= Lisa Senecal =

American writer and activist

Lisa Senecal is an American writer, communications consultant, and advocate based in Stowe, Vermont. She is founding editor of Lincoln Square, a political Substack publication, and previously served as chair of the Vermont Commission on Women. She is known for her writing and advocacy on workplace sexual harassment, including her role in shaping Vermont's 2018 sexual harassment law.

== Early life ==
Senecal is a fourth-generation Vermonter who grew up in Orange, Vermont, and lives in Stowe.

== Career ==
Senecal is a co-founder of The Maren Group, a communications and marketing firm that works with clients on issues including workplace discrimination and sexual harassment.

She has worked as a columnist for VTDigger and her writing has appeared in The Daily Beast, the New York Daily News, and USA Today. She co-hosted "We're Speaking" on Lincoln Project Television with Maya May beginning in 2021. Senecal is a founding editor of Lincoln Square, a political media project on Substack associated with The Lincoln Project and other anti-Trump commentators including Rick Wilson and Joe Trippi.

== Vermont Commission on Women ==
In 2017, Senecal was appointed by Governor Phil Scott to the Vermont Commission on Women, a non-partisan state commission. She was elected chair of the Commission in June 2019 and subsequently served as one of three co-chairs alongside Kiah Morris and Kellie B. Campbell. She has also served on the board of the Clarina Howard Nichols Center, a Vermont organization serving survivors of domestic violence.

== #MeToo case and Vermont harassment law ==
In June 2018, Senecal published a first-person account in The Daily Beast describing sexual harassment and assault she said she had experienced in February 2017 during a job interview process with Craig DeLuca, then-president and chief operating officer of the Stowe-based software company Inntopia. The article, titled "The NDA Protected Our Predator. I'm Breaking My Silence, Because Women Deserve Better," disclosed the existence of a 2017 settlement that had included a non-disclosure agreement. VTDigger reported that DeLuca had resigned from Inntopia in June 2017 after an internal investigation, and that a second woman, Alison Miley, subsequently filed a lawsuit making similar allegations.

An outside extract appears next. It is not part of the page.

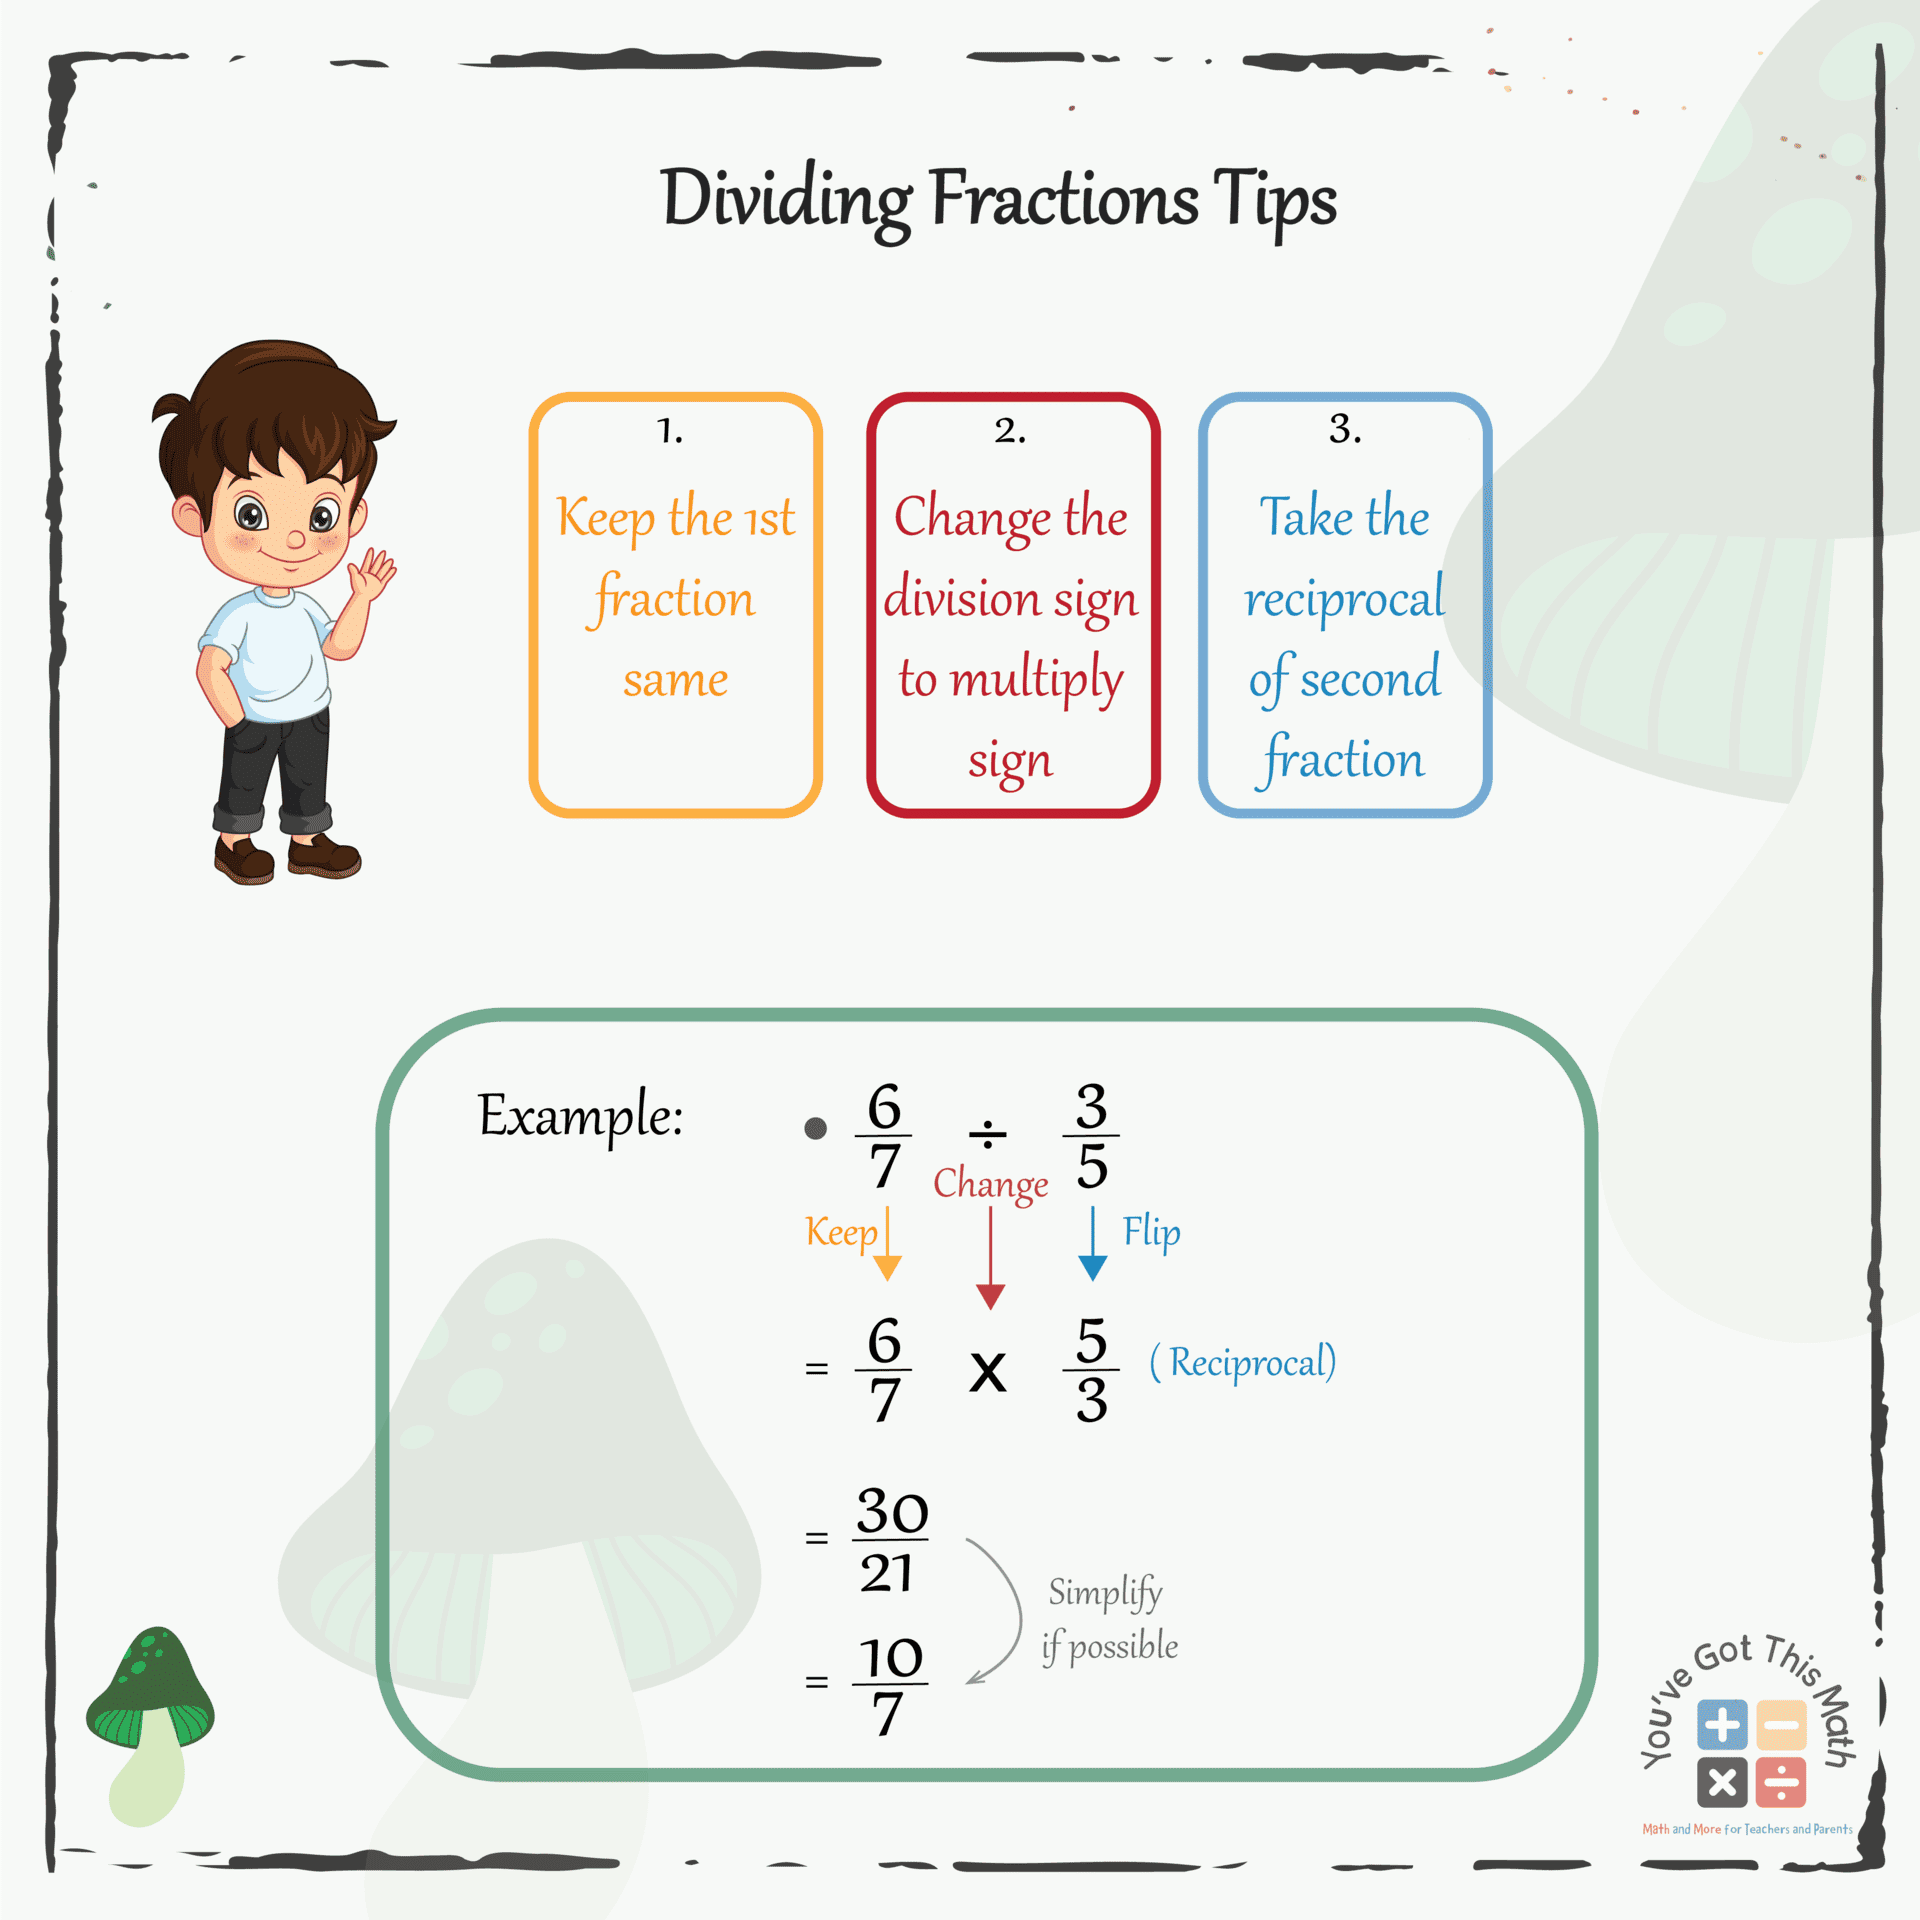 Dividing Fractions Tips
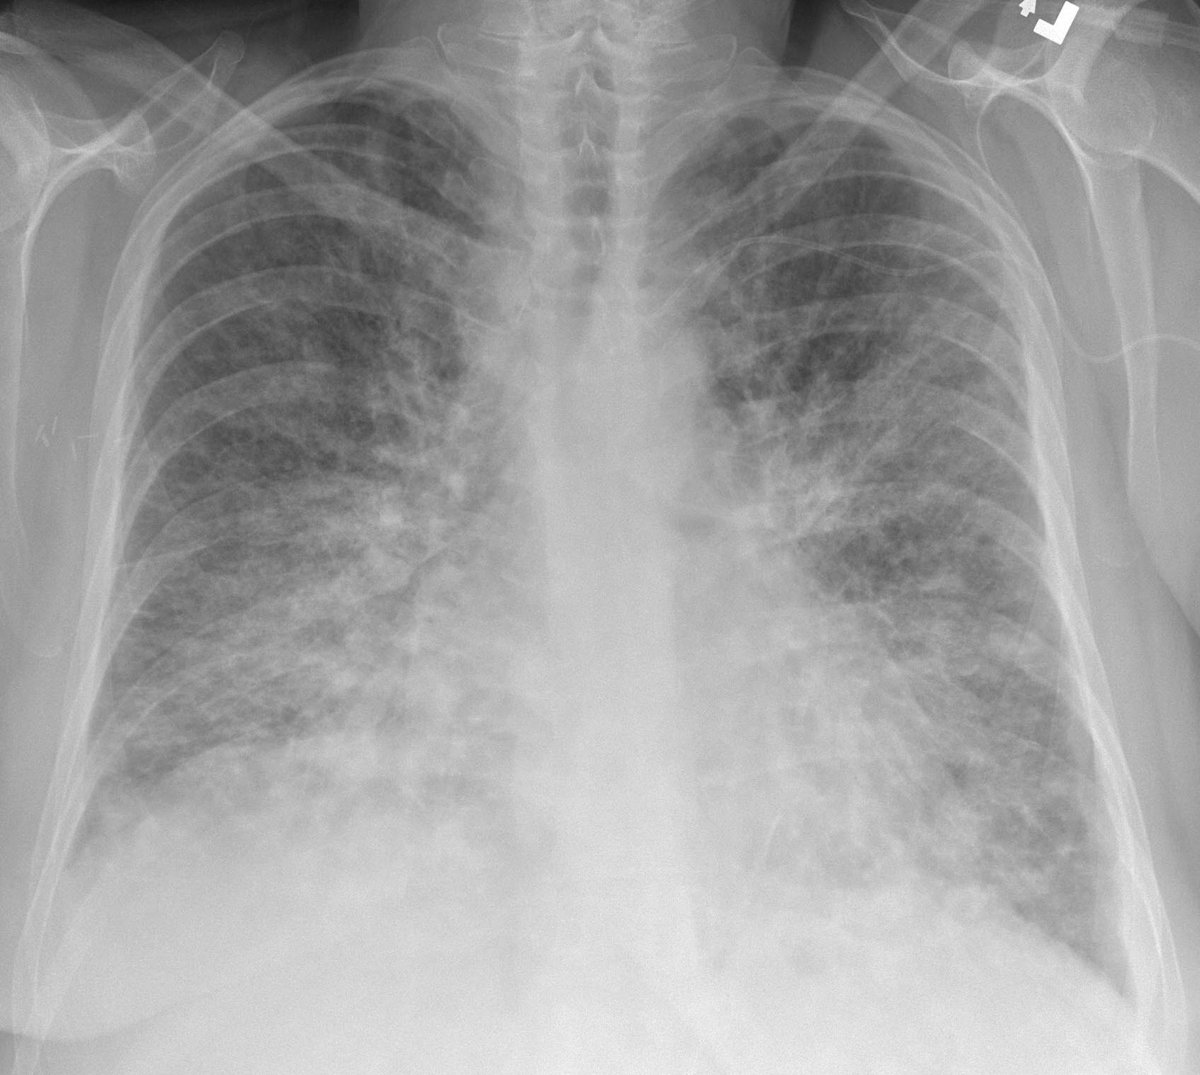 can you see emphysema on a chest x ray

Senecal worked with Vermont State Representative Sarah Copeland Hanzas in support of H.707, a 2018 bill addressing workplace sexual harassment. She provided testimony before the Vermont legislature in April 2018 and participated in public discussion of the legislation alongside Copeland Hanzas. The bill, which Governor Scott signed on May 30, 2018, and which took effect July 1, 2018, banned certain non-disclosure provisions and "no-rehire" clauses in harassment settlements and was covered nationally by PBS NewsHour as a notable state-level response to the Me Too movement.